Я тогда же немного и засомневался: Веня или не Веня? Вид у него был… Разухабистый был у него вид. Кошмарный пиджак мешком, зловещего перезрело-помидорного цвета, сверкающие ботинки с пряжками, будто у придворного канцеляриста (?), но мне на ум пришло именно такое сравнение. Бросилось в глаза, словно в меня кто прямо ткнул этим самым пиджаком – и пуговицы блестящие, железные, вычурные. Это Веня-то! Он говорил со мной нарочно свысока, как если бы делал мне снисхождение и своим визитом, и своим предложением. Как я понял с его слов, Вене нужен был – до зарезу, тут уж ни к чему скрывать, – надежный человек. Честный, проверенный и не избалованный. Потому что, у Вени теперь собственный валютно-обменный пункт, от банка «Черезбуквухернячтозначит», или как-то так. И вот, доверять в этом самом пункте он, ну абсолютно никому не может! А потому срочно требуется надсмотрщик, за порядком и в фискальных целях. Зарплата триста бэ… не блядей, понятно, но баксов. Так что, завтра в семь утра, Армянский переулок, ну там найти легко, одна его вывеска и есть бельмом. Оборот растет, потому определенная перспектива будет. Я послал его. Беззлобно и смешливо, даже не на три буквы, а в какое-то неожиданное ведро изюма. Почему? Да развеселился, много поводов что ли надо, если хочешь кого-то куда-то послать. Валюта, обмен, контора, крыша – лишние это были для меня реалии, я не желал их признавать и подчиняться их варварской власти.

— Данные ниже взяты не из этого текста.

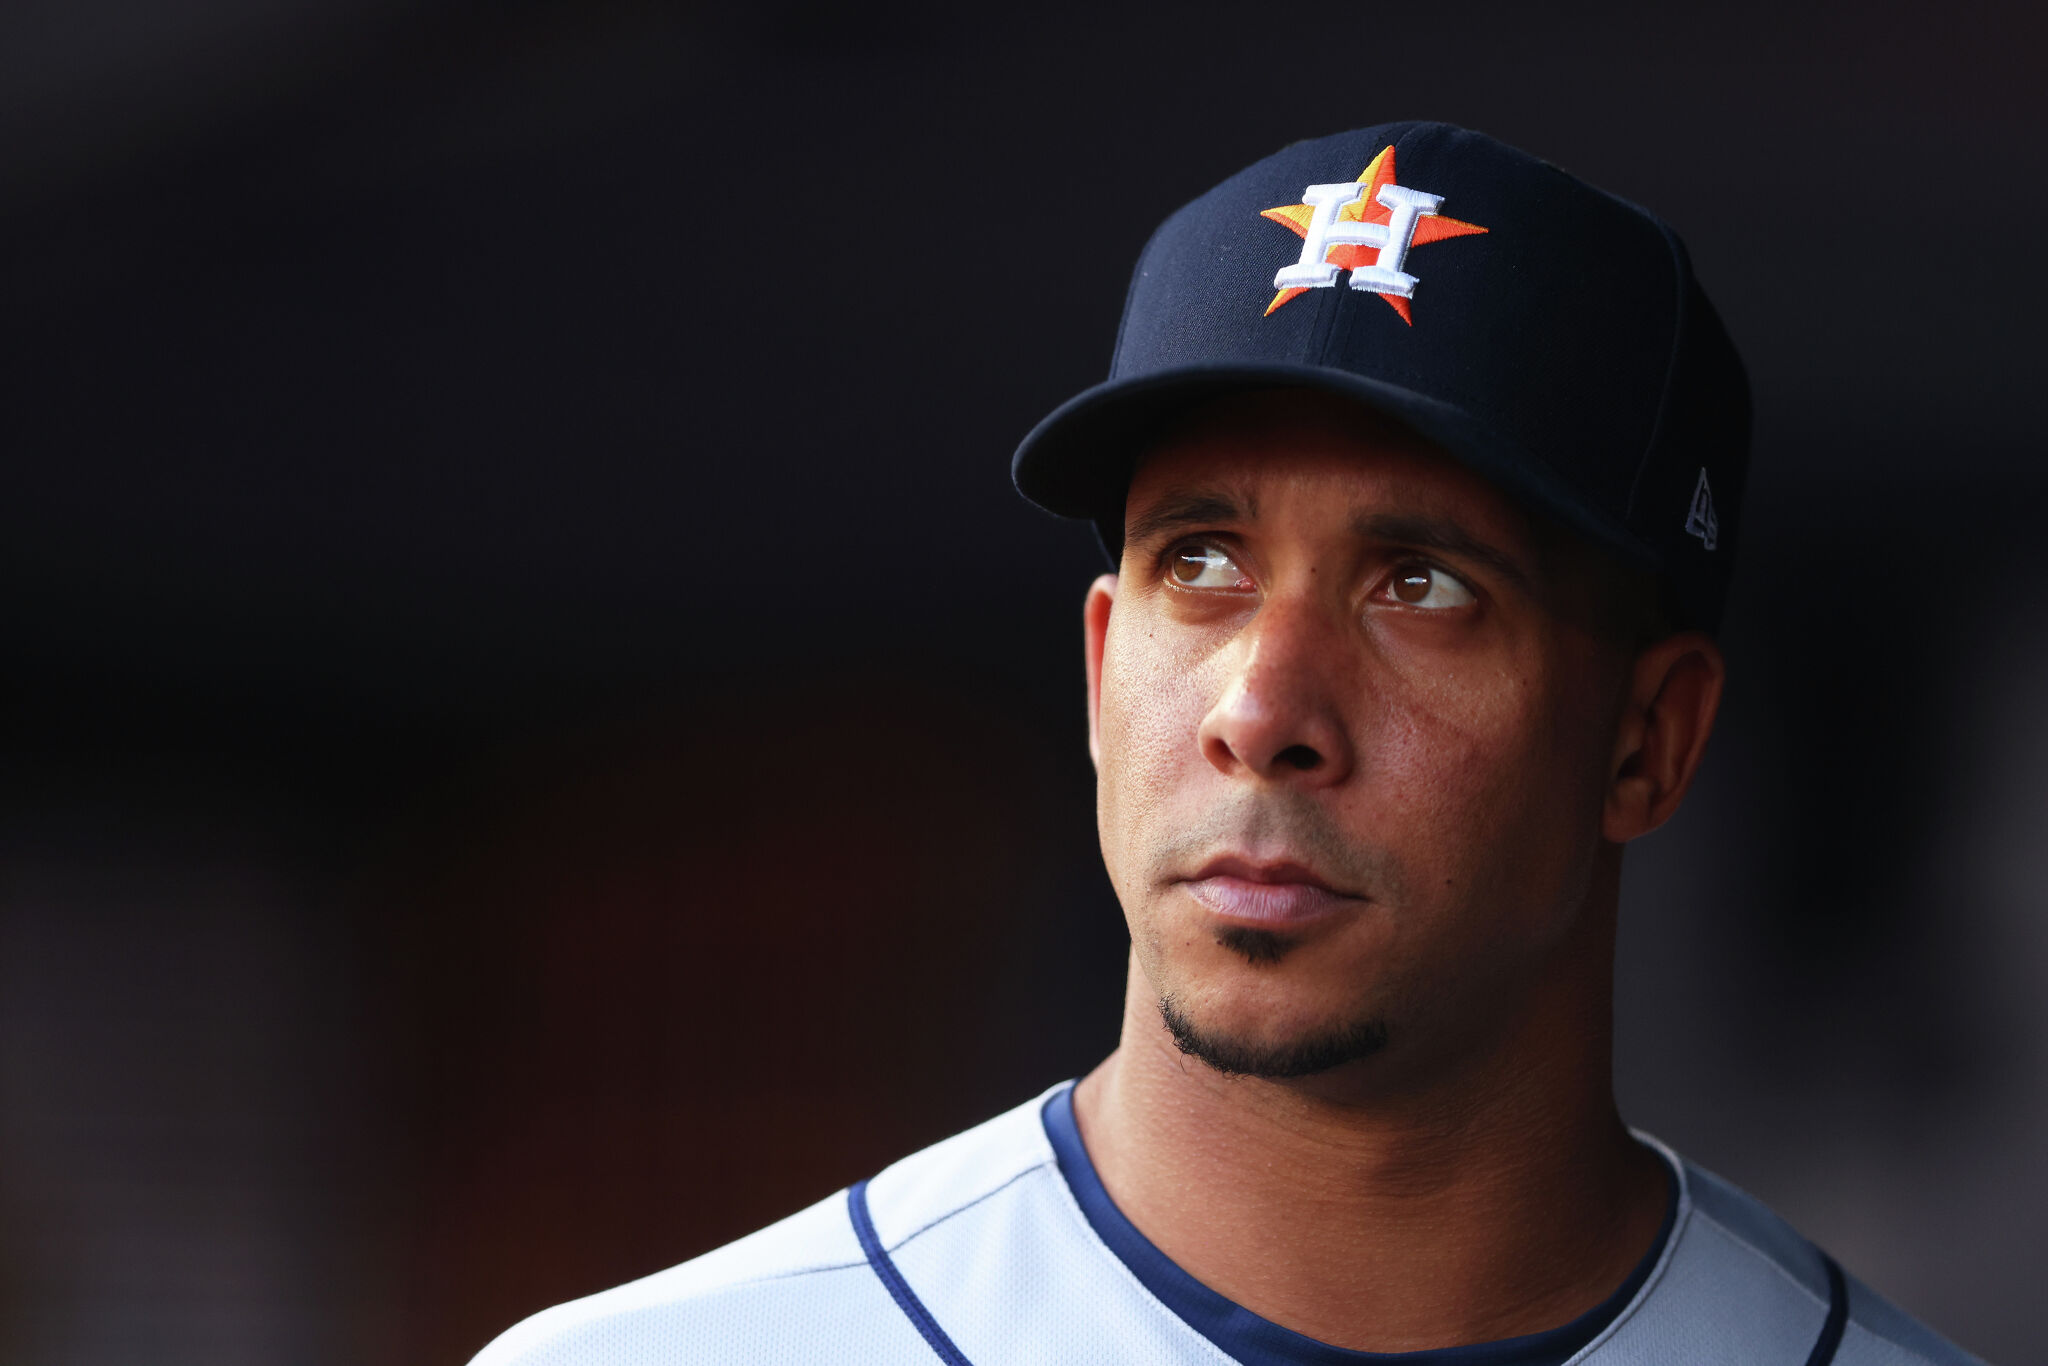 Astros place OF Michael Brantley on IL with shoulder issue
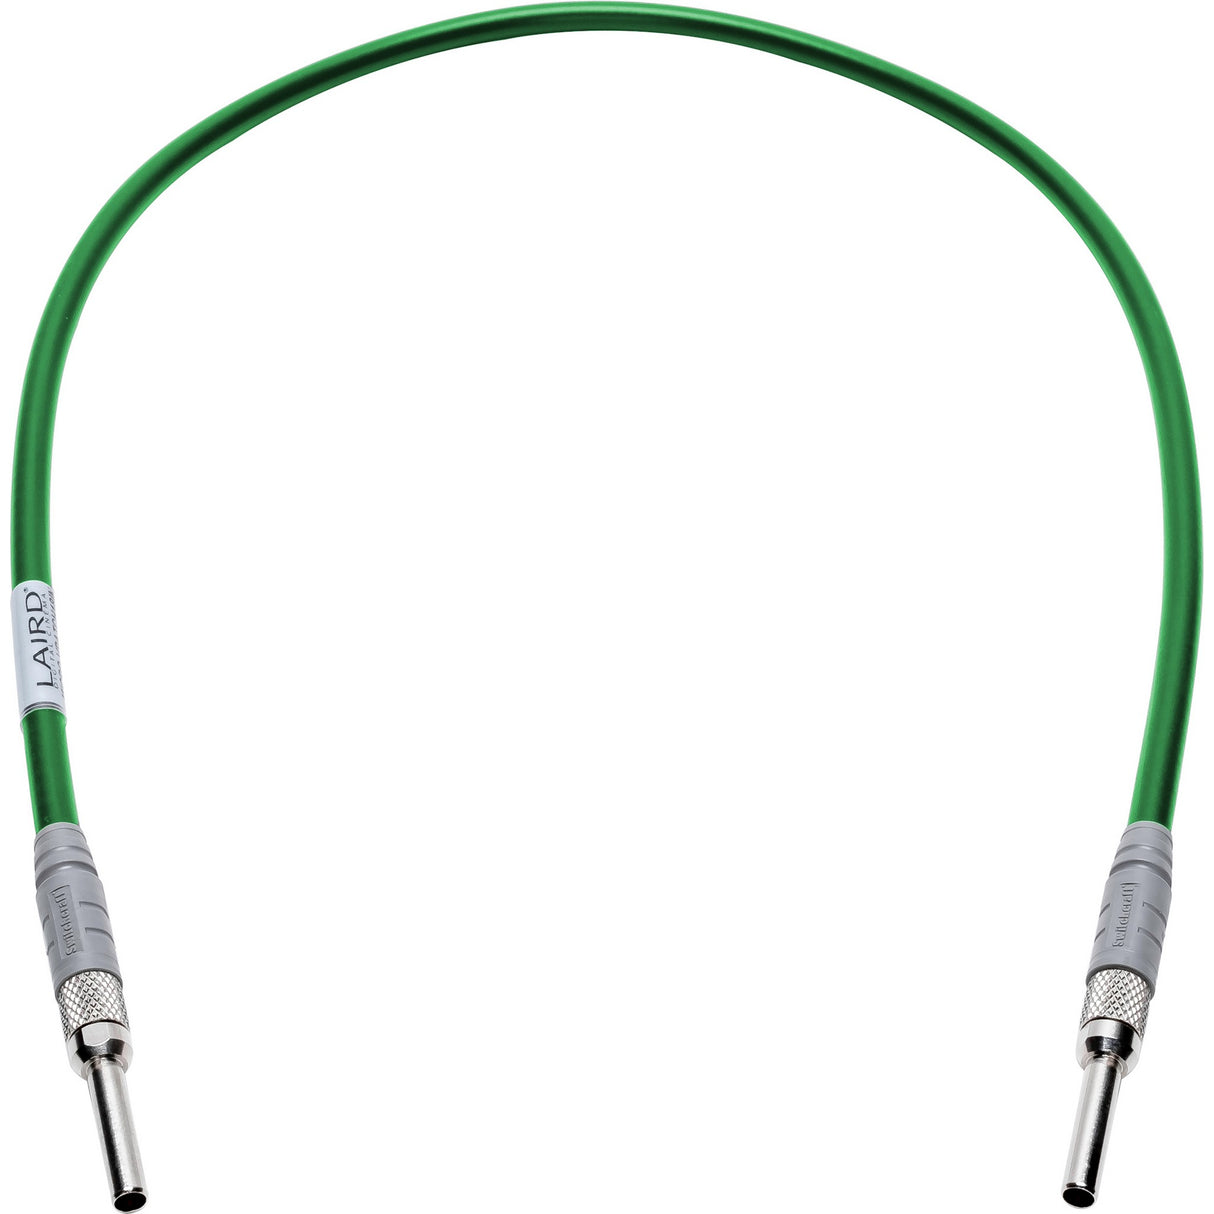 Laird MICRO-VPATCH-006GN 12G-SDI Micro Video Patch Cable, Military Green, 6-Feet

– Ты что, псих? – Лепешинский меня не понял. Он удивился настолько сильно и серьезно, что мне показалось, будто даже железные пуговицы осыпались с его лоточно-овощного пиджака. Постучал литой печаткой по рабочему моему столу: туки-тук, все ли дома? (наверное, туки-тук остался любимым его звуком, визитной карточкой прошлого, а может, совпадение). – Завтра, в семь утра, – уже несколько растеряно повторил он.
– Хоть в восемь, – хохотнул я. – Только зря прождешь. Чаю хочешь? Или чего покрепче? Водяра есть, не первый сорт, конечно. Но сорт не главное. Главное градус.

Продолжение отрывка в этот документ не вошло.